Zeldzame Australische dieren zijn helemaal niet bang voor de woestijn, omdat ze door de evolutie zijn geleerd om te overleven in zeer barre omstandigheden. Van het grootste belang is de kuifstaartbuidelmuis, een familielid van de buidelmarters en Tasmaanse duivels. Muizen, bewoners van de woestijn, konden zich aanpassen aan sterke temperatuurschommelingen, ze hebben geen (apart) water nodig, de hoeveelheid vloeistof die ze nodig hebben, wordt verkregen uit voedsel.
Van andere vertegenwoordigers van het koninkrijk van de fauna worden buideldieren opgemerkt - jerboa, bandicoot, mol. Wilde hond dingo en wilde kameel kunnen ook worden aangetroffen door toeristen die op safari naar de woestijn reizen.
Het acaciastruikgewas, dat op zijn minst enige schijn van schaduw biedt, wordt een toevluchtsoord voor grasparkieten, ijsvogels, vinken, roze kaketoes en zwartgekapte boomzwaluwen. De woestijn maakt deel uit van Simpson National Park en volgens medewerkers is de herfst (prime) de beste tijd om te bezoeken.

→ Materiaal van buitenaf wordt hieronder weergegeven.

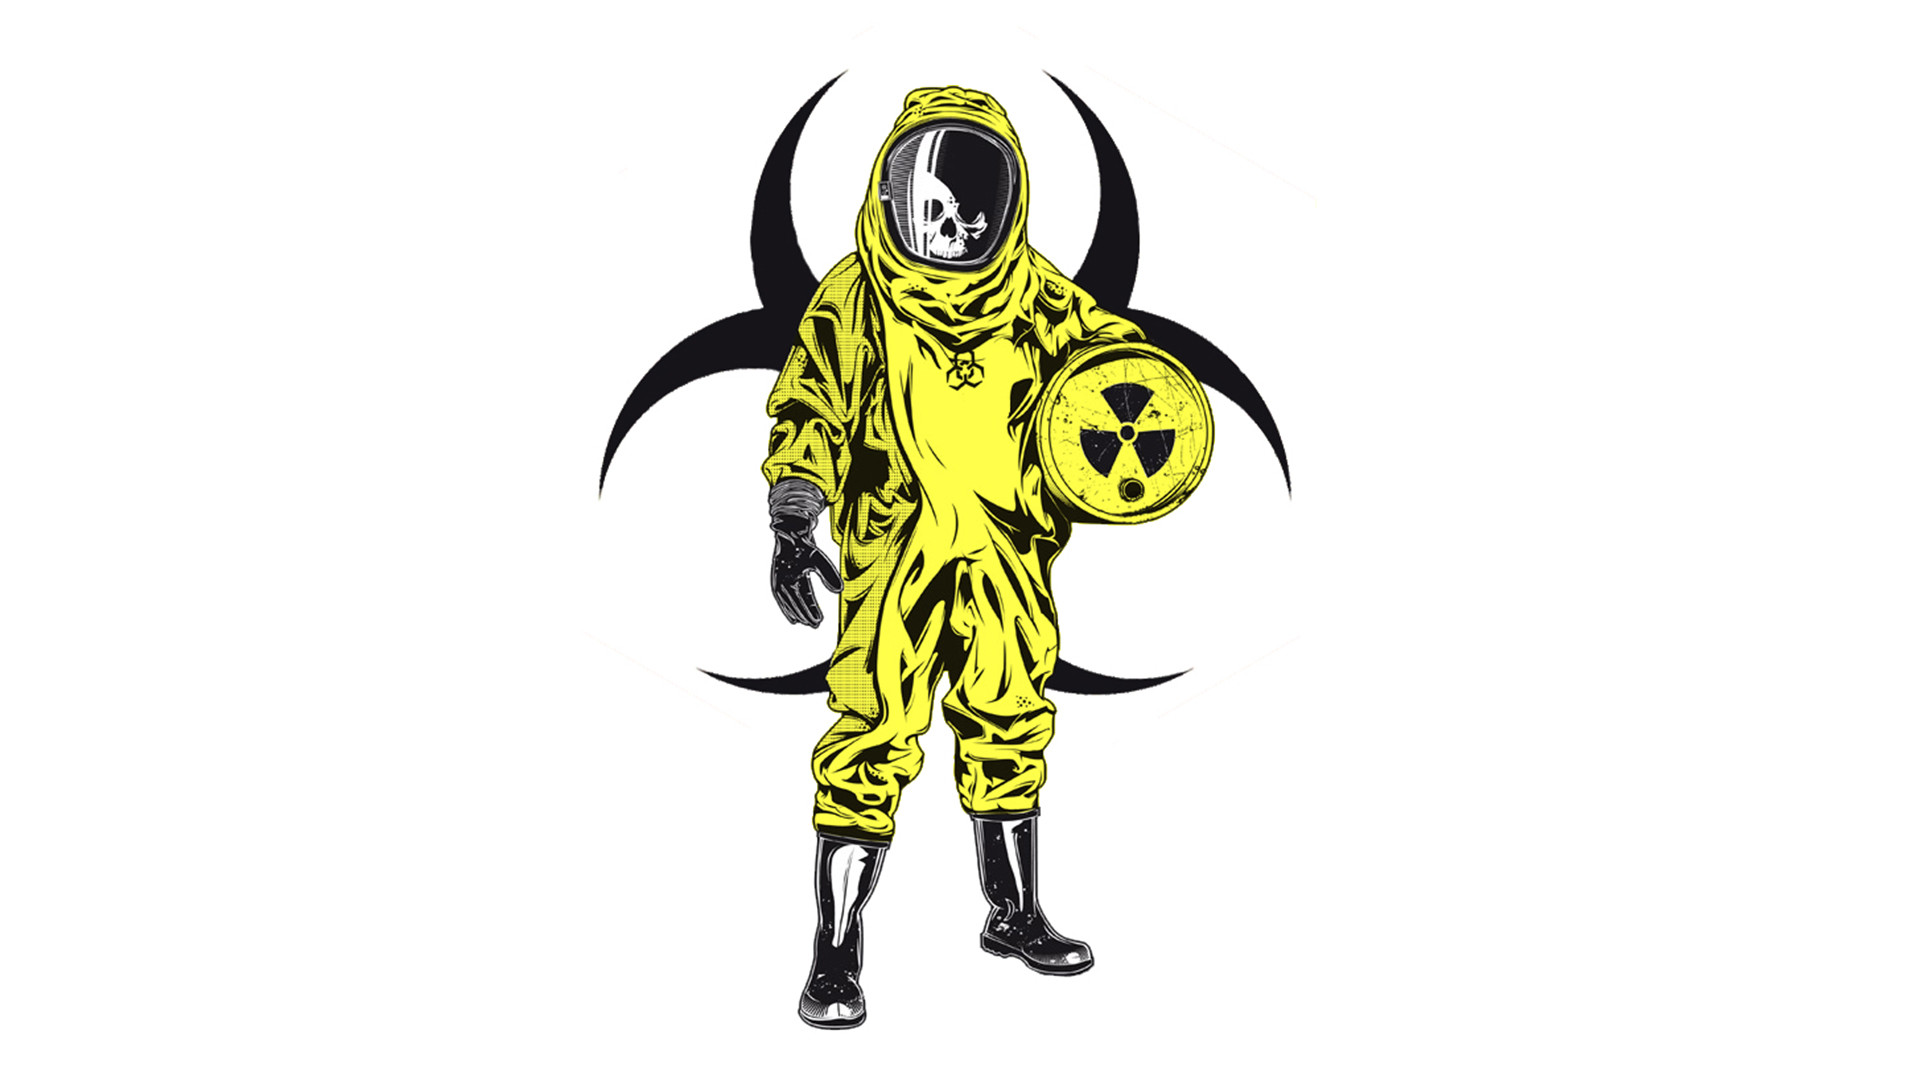 General 1920x1080 nuclear biohazard skull simple background digital art

Klimatologische omstandigheden en hydrografie
Het hoogtepunt van de zomer in de Simpson-woestijn is in januari, de temperatuur bereikt zijn maximum, gemiddeld is het in de warmste maand + 29-30 ° С. In de winter (in juli) kan de thermometer dalen tot + 12 ° С.
Het droogste gebied van de Simpson Desert ligt in het noorden, de jaarlijkse regenval bereikt op zijn best 130 mm, respectievelijk een paar waterstromen, de zogenaamde screams, gaan verloren in het zand. De grootste rivieren in de regio - Hay, Plenty, Todd, hebben geen kleine namen. De zuidelijke gebieden van de woestijn worden gekenmerkt door de aanwezigheid van zoutmeren, die ook tijdens de hittegolf opdrogen.